Data segment =
::::

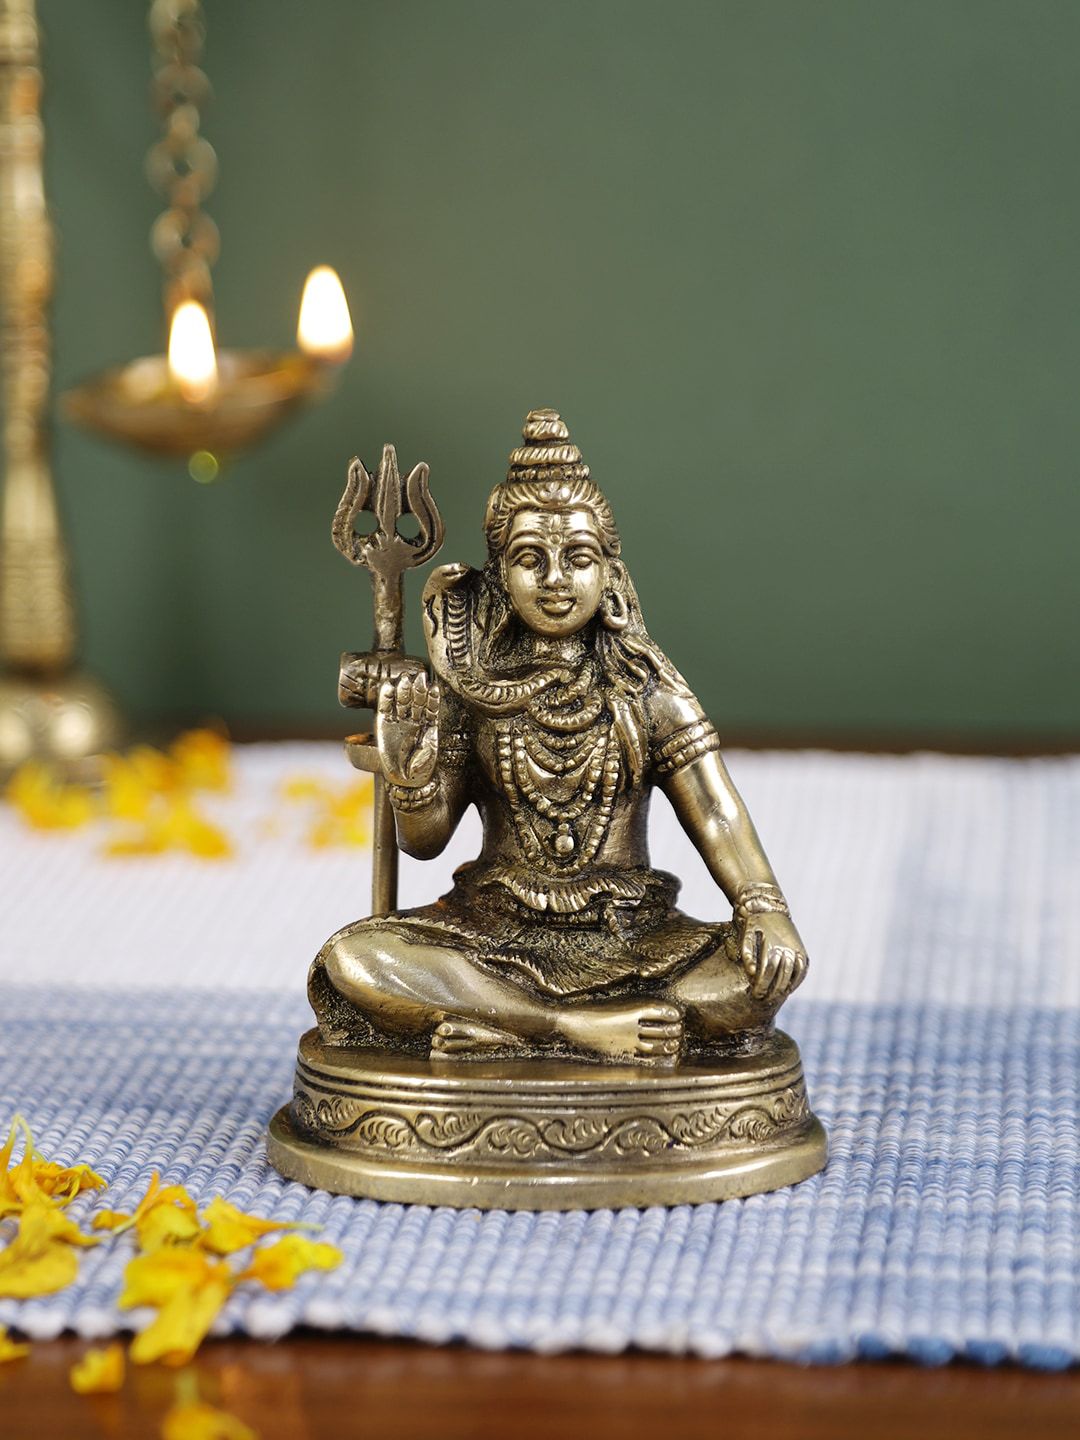 Imli Street Gold-Toned Shiva Showpiece Price in India
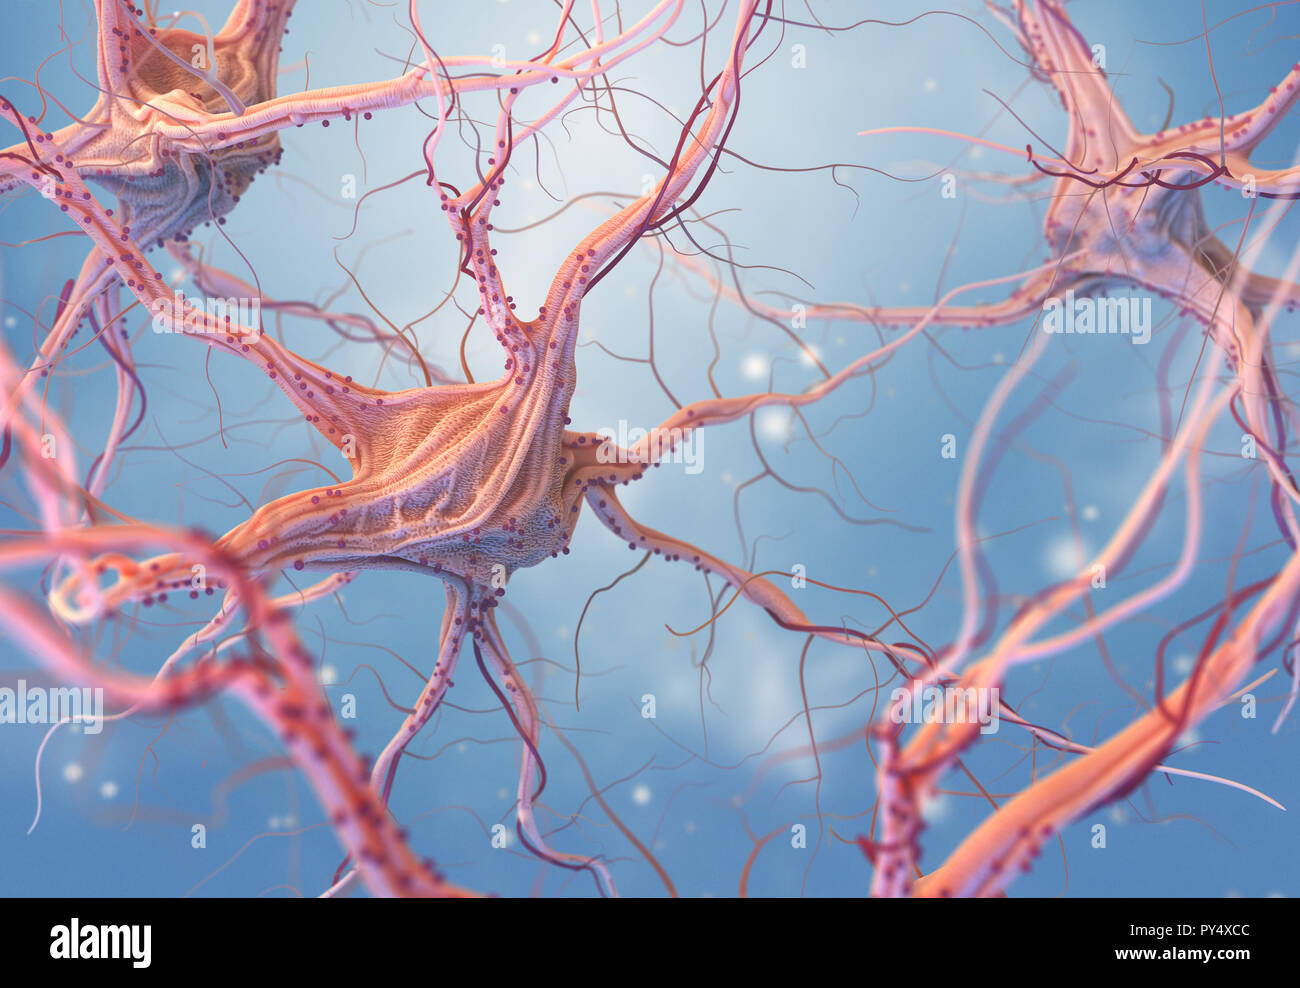 Neurons and nervous system. 3d render of nerve cells. 3D illustration Stock Photo
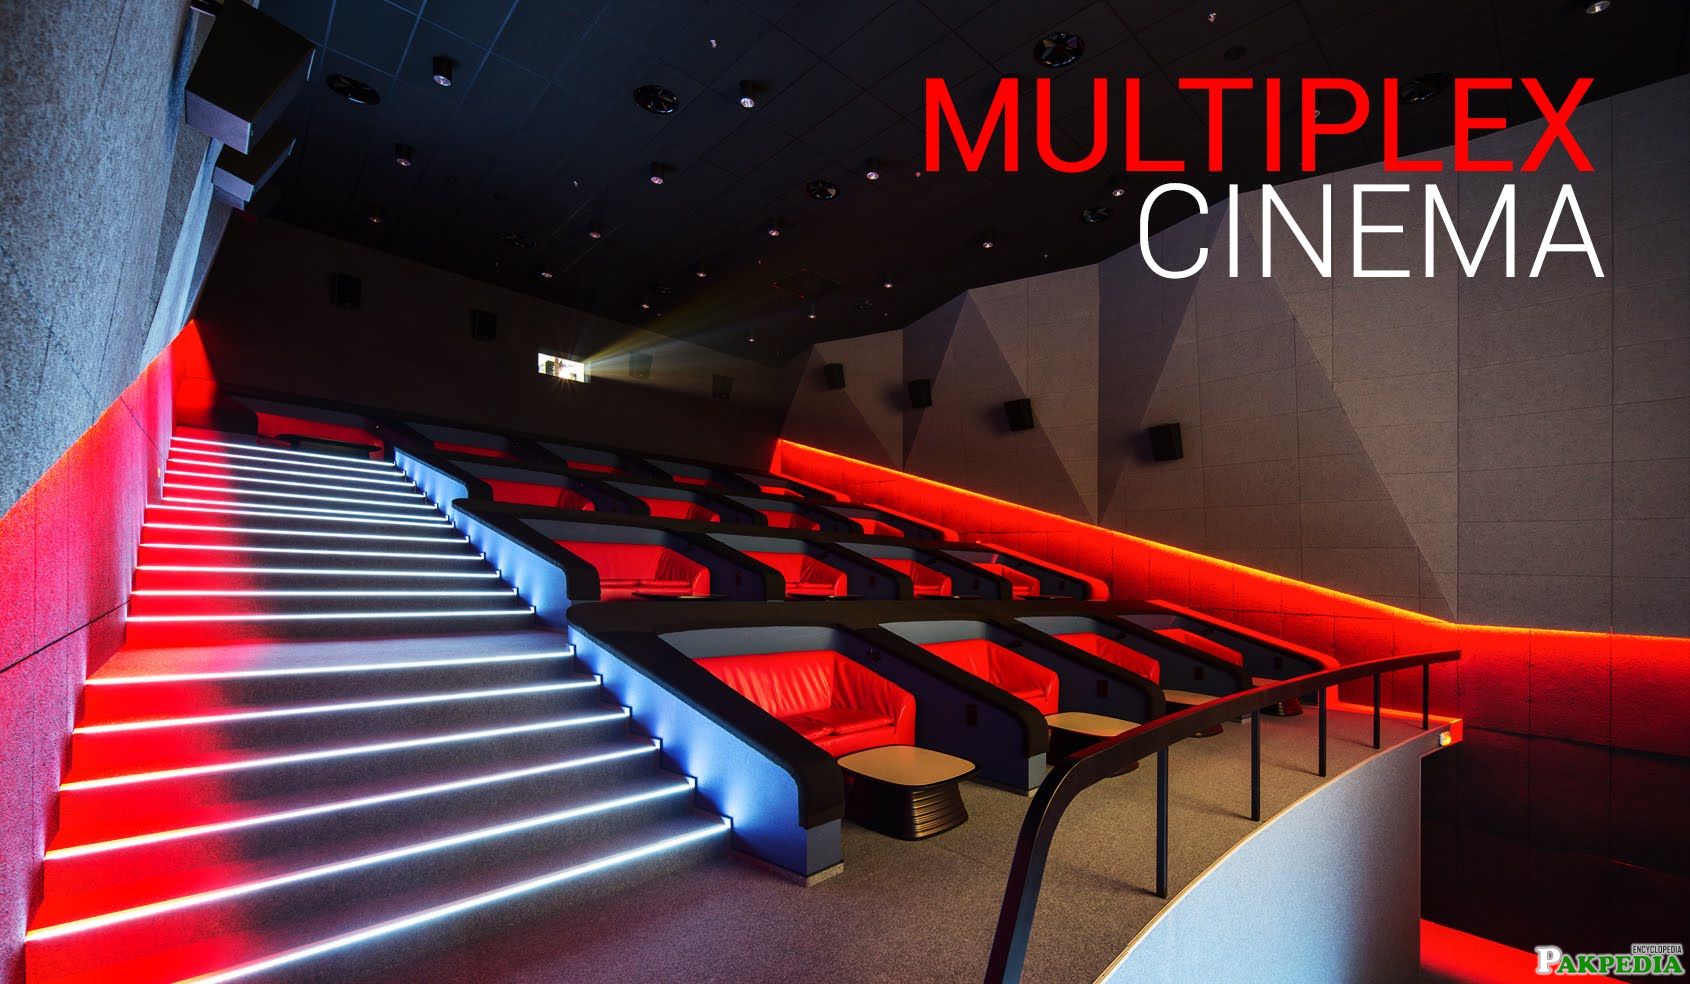 Multiplex Cinema Karachi

::::

What the task requires =
Exactly the lines from the line that contains "Neurons and nervous" through the last line above, and no other lines, must be output, with pictures excluded.

Response to this task =
 Neurons and nervous system. 3d render of nerve cells. 3D illustration Stock Photo
 Multiplex Cinema Karachi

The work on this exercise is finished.